Ubuntu – Terminal not working. Prompt gone!

command line

I've closed the terminal killing a process, after that when opening a new terminal the prompt wasn't there.

After searching online other questions, with CTRL-C y get the prompt back.
However, when opening a new terminal the prompt is gone again.

I've tried the following code:

^Cmartin@martin-N550JV:~$ 
martin@martin-N550JV:~$ ps
  PID TTY          TIME CMD
17626 pts/0    00:00:02 bash
20957 pts/0    00:00:00 ps
martin@martin-N550JV:~$ sudo kill 20957
[sudo] password for martin: 
martin@martin-N550JV:~$ sudo kill 17626
martin@martin-N550JV:~$ 

Taken from this site

I've also uninstalled and then re-installed the terminal, with no success.

Is there a solution for this?

Best Answer

When you open a terminal you get a non-login, interactive shell. If you are using bash the system-wide per-interactive-shell startup file is /etc/bash.bashrc and user-level per-interactive-shell startup file is ~/.bashrc.
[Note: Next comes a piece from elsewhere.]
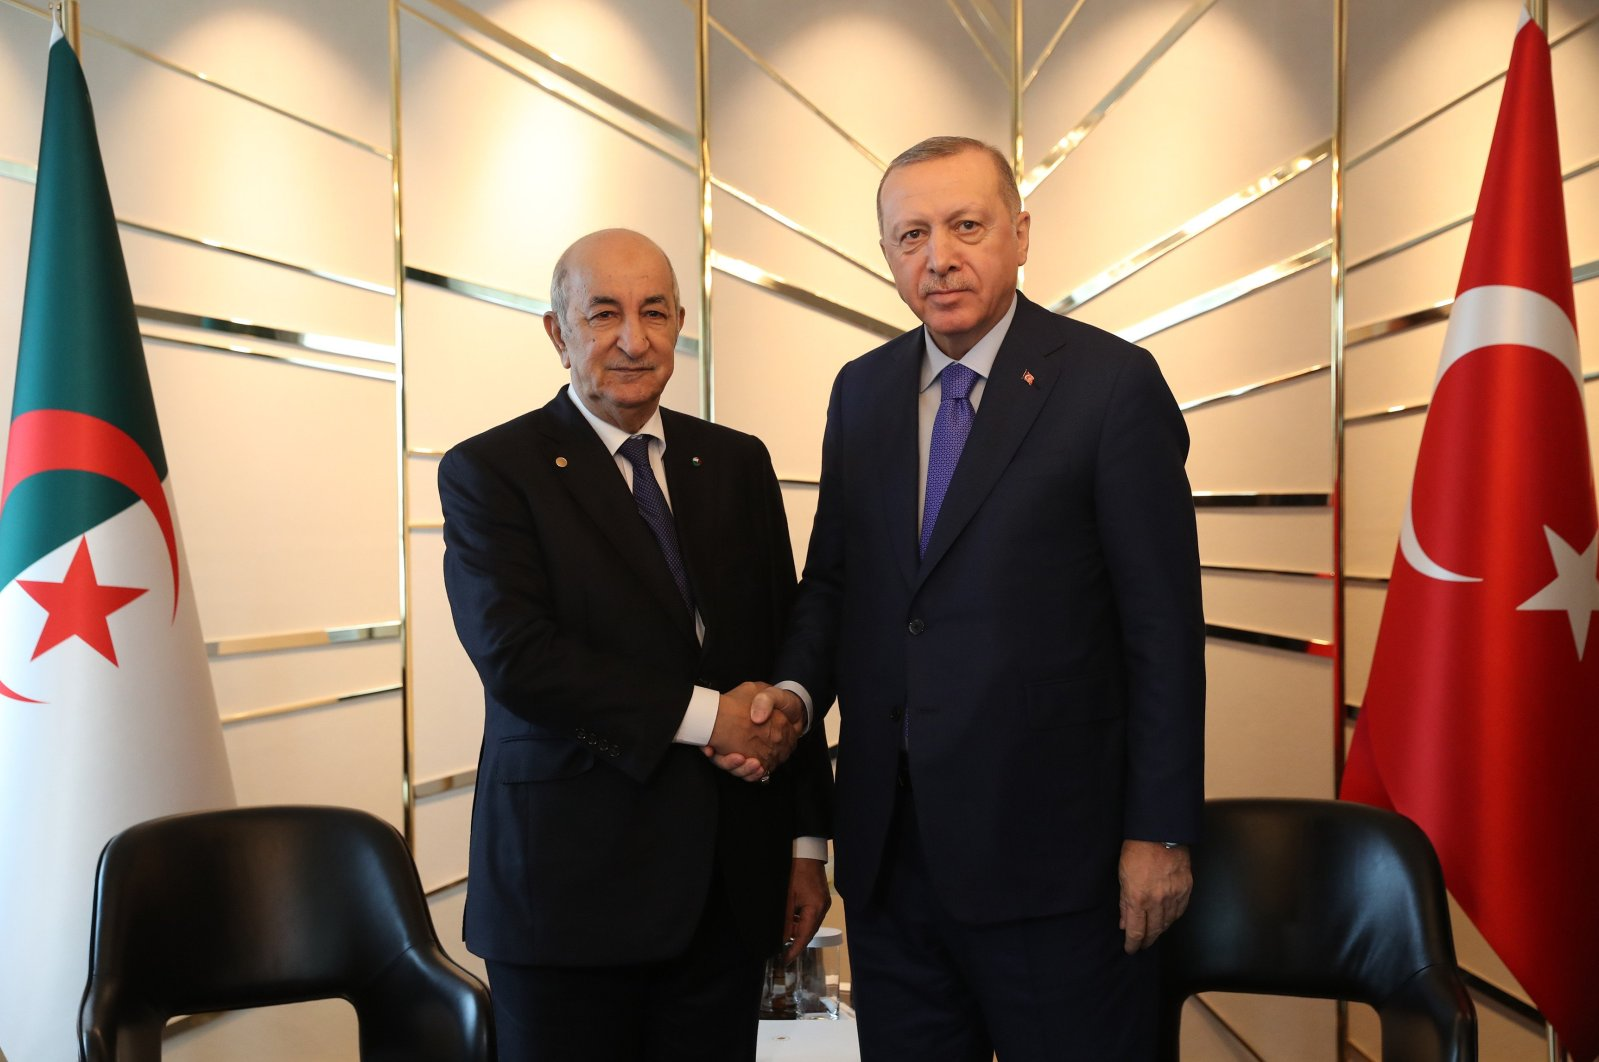 President Recep Tayyip Erdoğan shakes hands with Algerian President Abdelmadjid Tebboune ahead of a conference over Libya in Berlin, Jan.21, 2020. (IHA)

The problem you are facing may be due to presence of any bad instruction(s) in any of these two files.

From OP's reply:

sourcing ~/.bashrc initiate the problem. That means there is problem with ~/.bashrc

Possible reasons of disappearing bash prompt:

There might be recursive sourcing that can create an infinite loop type situation. For example if there are lines present in your ~/.bashrc like,

if [ -f ~/.profile ]; then
   . ~/.profile
fi

It will source ~/.profile. But keep in mind that ~/.profile always sources ~/.bashrc (it is correct way). Hence you are in an infinite loop. Do not source ~/.profile from ~/.bashrc

Under such situation you can not get the prompt unless you hit Ctrl+C

Troubleshooting

You can put a line in your ~/.bashrc

set -x

Then you could see that the file descriptor is stopping when you open a terminal.

How to recover

Take backup of ~/.bashrc and get a new one from /etc/skel. Use in terminal,

mv ~/.bashrc ~/bashrc.bkp
cp /etc/skel/.bashrc ~/

It will replace your ~/.bashrc with a new one.

Either the problem is like as I expected (described above) or something else should be solved after replacing ~/.bashrc as it is solely related to your ~/.bashrc.